Airbag Industries

Jewel.

Standing in the middle of the huge hall I slowly turned to scan the surroundings, mapping out where I was in relation to the rest of the event and plotting my next course. There was enough visual ephemera to choke a Bob Costas narrated Olympic opening ceremonies but it was all so damn cool. No schedule, no where to be any real time soon, I stood there and soaked it all in.

Across from me two girls walked by, looked at me and stopped. We stood across this intersection and looked at each other for a few seconds. They were pointing and getting out their cameras while I started to panic and wonder why they were pointing at me and getting out their cameras. Not wanting to be the but of some weird convention thing I waved to them and asked what they were pointing at.

One of them looked at me as if I had just moved to town after a life time of living in a sheltered, land locked nation (which I had), “Turn around.”

I did. Directly behind me was nothing special but an old guy with horrible hair, dressed in a sports coat and jeans combo complete with black cowboy boots.

More people started to walk by, glance, stop, and jaw drop. This puzzled me. I knew I was ignorant to a lot of the behind the scenes trivia but this person didn’t seem to be any special other than he’s likely to be on a most wanted list in more than a few counties.

I turned back to the girls, who were now taking as many photos as allowed by gaps in the walking crowd, and moved over to them—turning to gain their vantage point, hoping that it would help make sense of the badly dressed urban cowboy thug who’s popularity continued to grow.

“Who is that,” I asked.

I got this look that’s normally reserved for commercials like Feed the Children or whatever the hell cause Sally Struthers is shlepping—her thoughts could be read like word balloons: “Oh, you poor starving refrigerator repairman and/or private detective, you must have been raised in a cave.”

With a smirk and raised eyebrow when one of them replied, “That’s Gene Simmons.”
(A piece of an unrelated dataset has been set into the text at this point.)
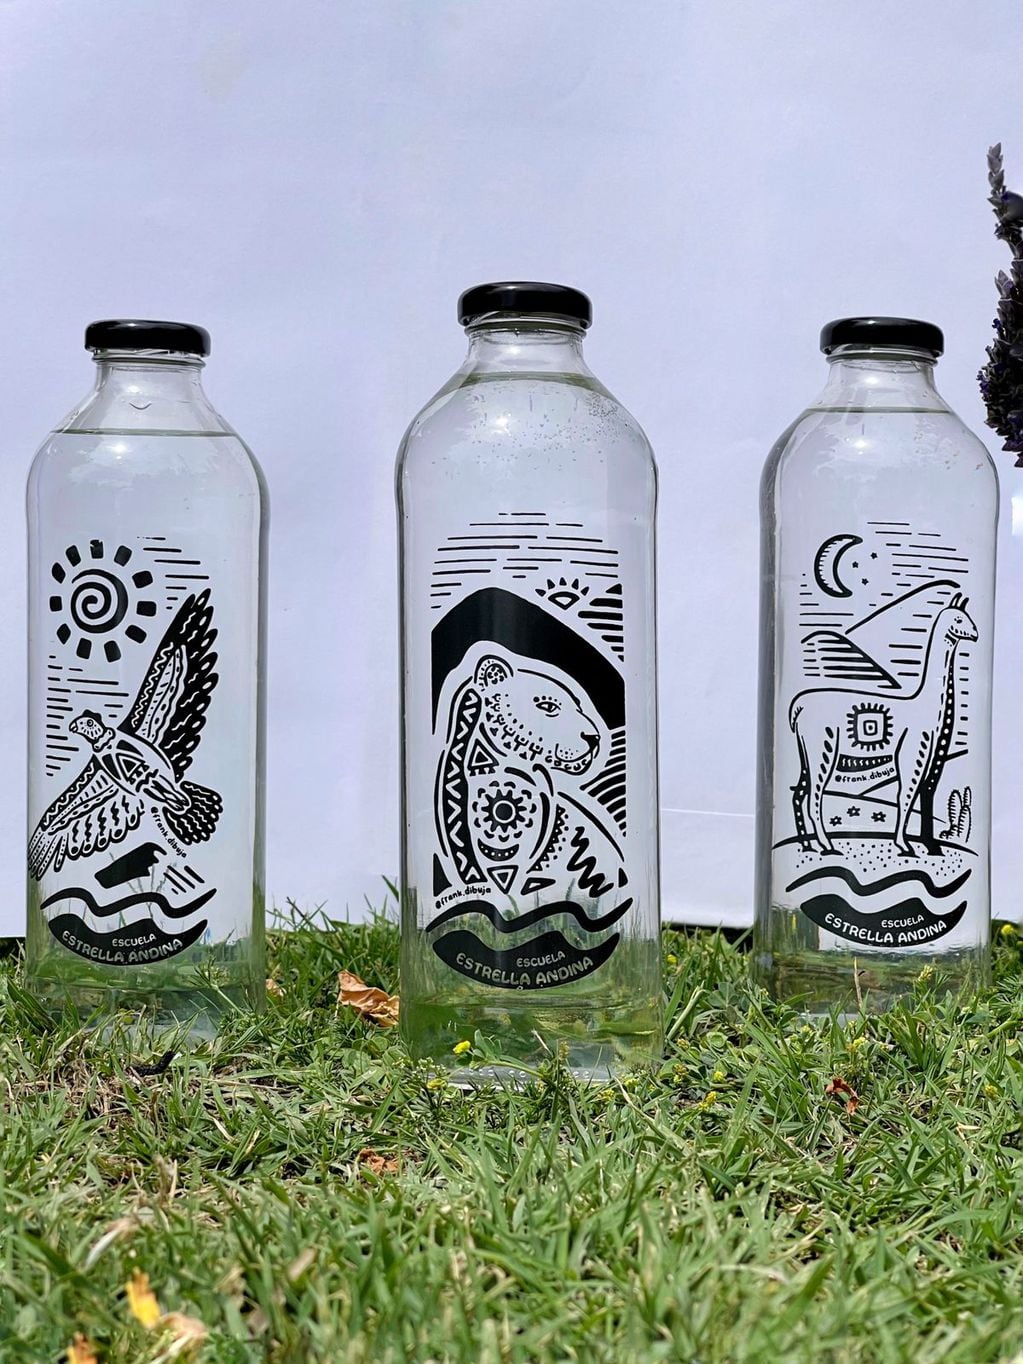 Original y creativa campaña: venden botellas con motivos artísticos para poder ampliar su escuela en Luján de Cuyo. Foto: Gentileza Escuela Estrella Andina
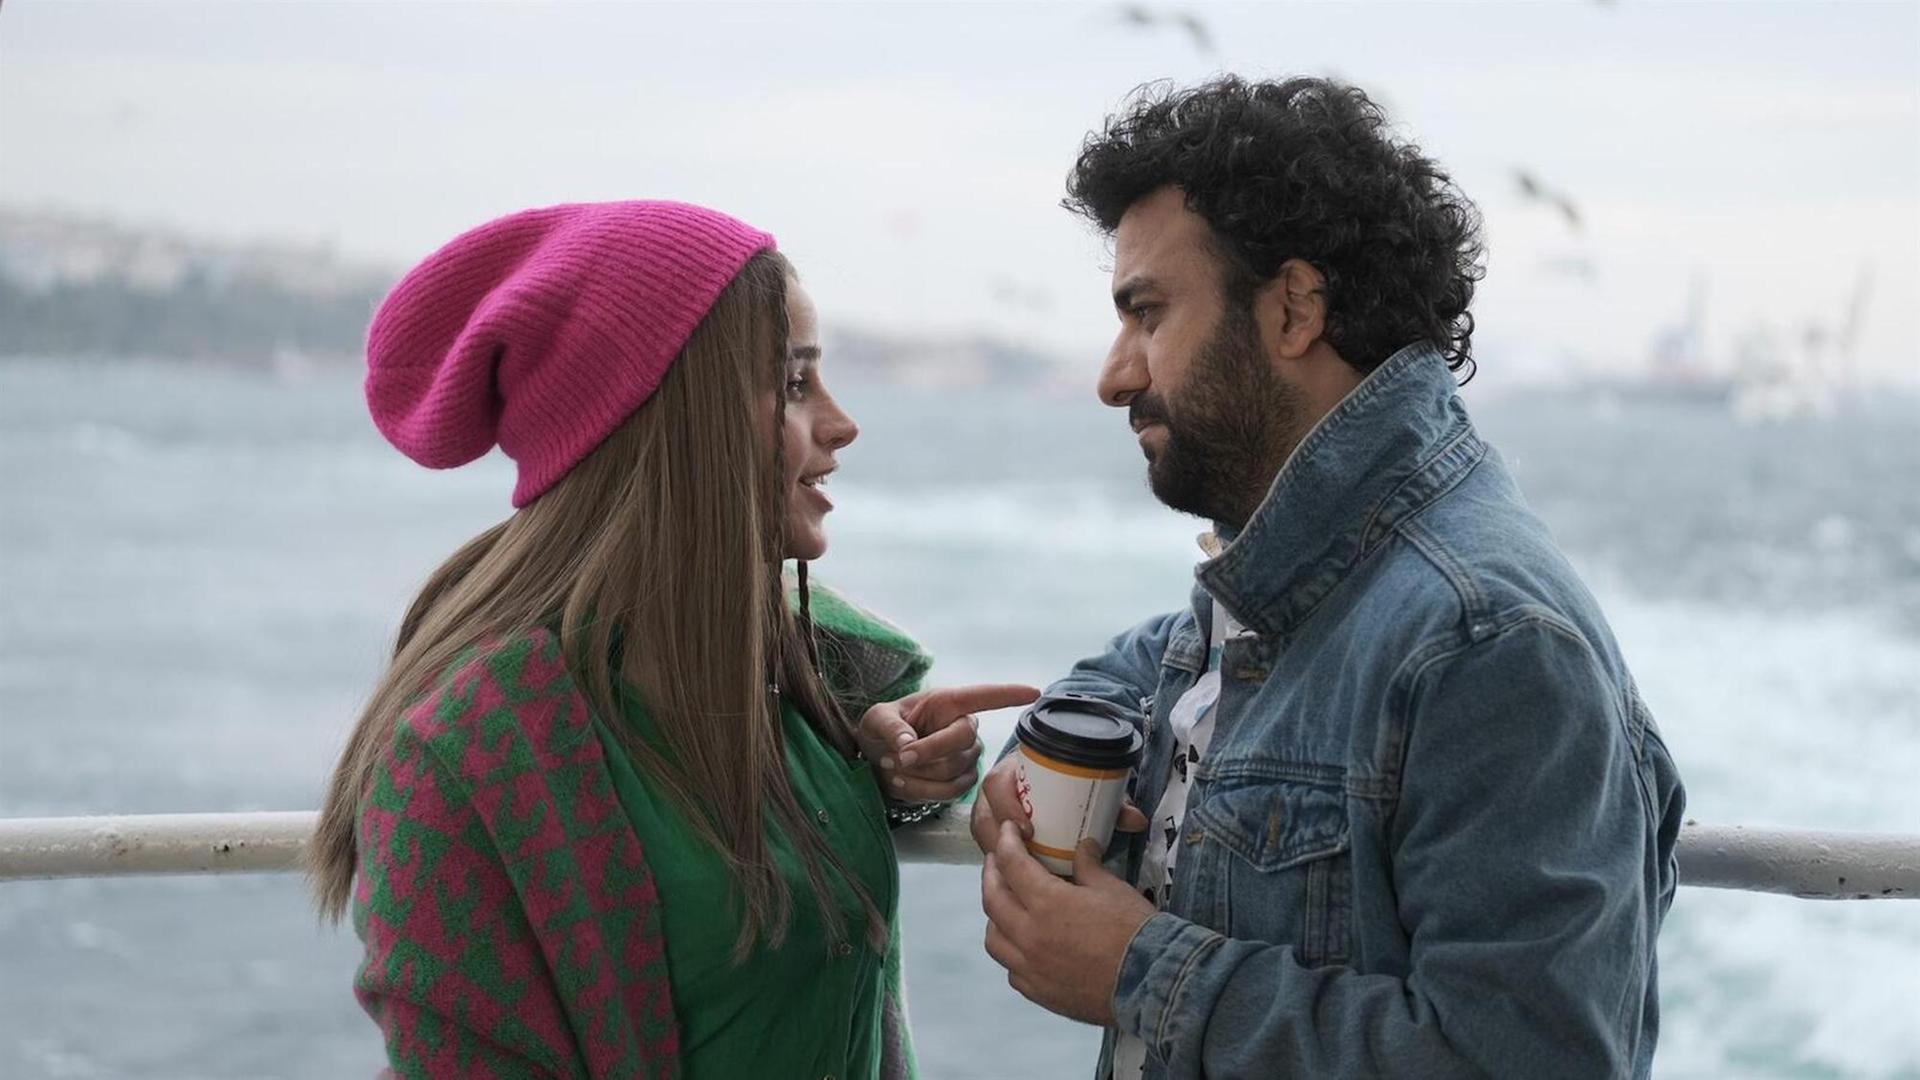 Im Still aus "Çok Aşk" stehen sich eine Frau mit pinker Mütze und ein lockiger Mann mit Kaffeebecher in der Hand gegenüber, während sie spricht und er sie betreten anschaut.

I looked back, clearly unimpressed thinking that if I had been a KISS fan I would be very disappointed right now considering Gene’s JcPenny Fall Catalog chique.

My interest in the thirty second scene waned. I turned and plodded along with the crowd, taking in the sights and sounds. Later in the day I would come across a replica of Boba Fett that was only sold in Japan. I stood, pointed, and reached for my wallet as, in this circumstance, a photo or five would simply not do.

With one bad-ass bounty hunter in hand I decided to call it a day and prepare for the multi-hour journey home. As much as I loved the weirdness and wonderment of ComicCon, northbound traffic from San Diego can be hell on a Sunday afternoon.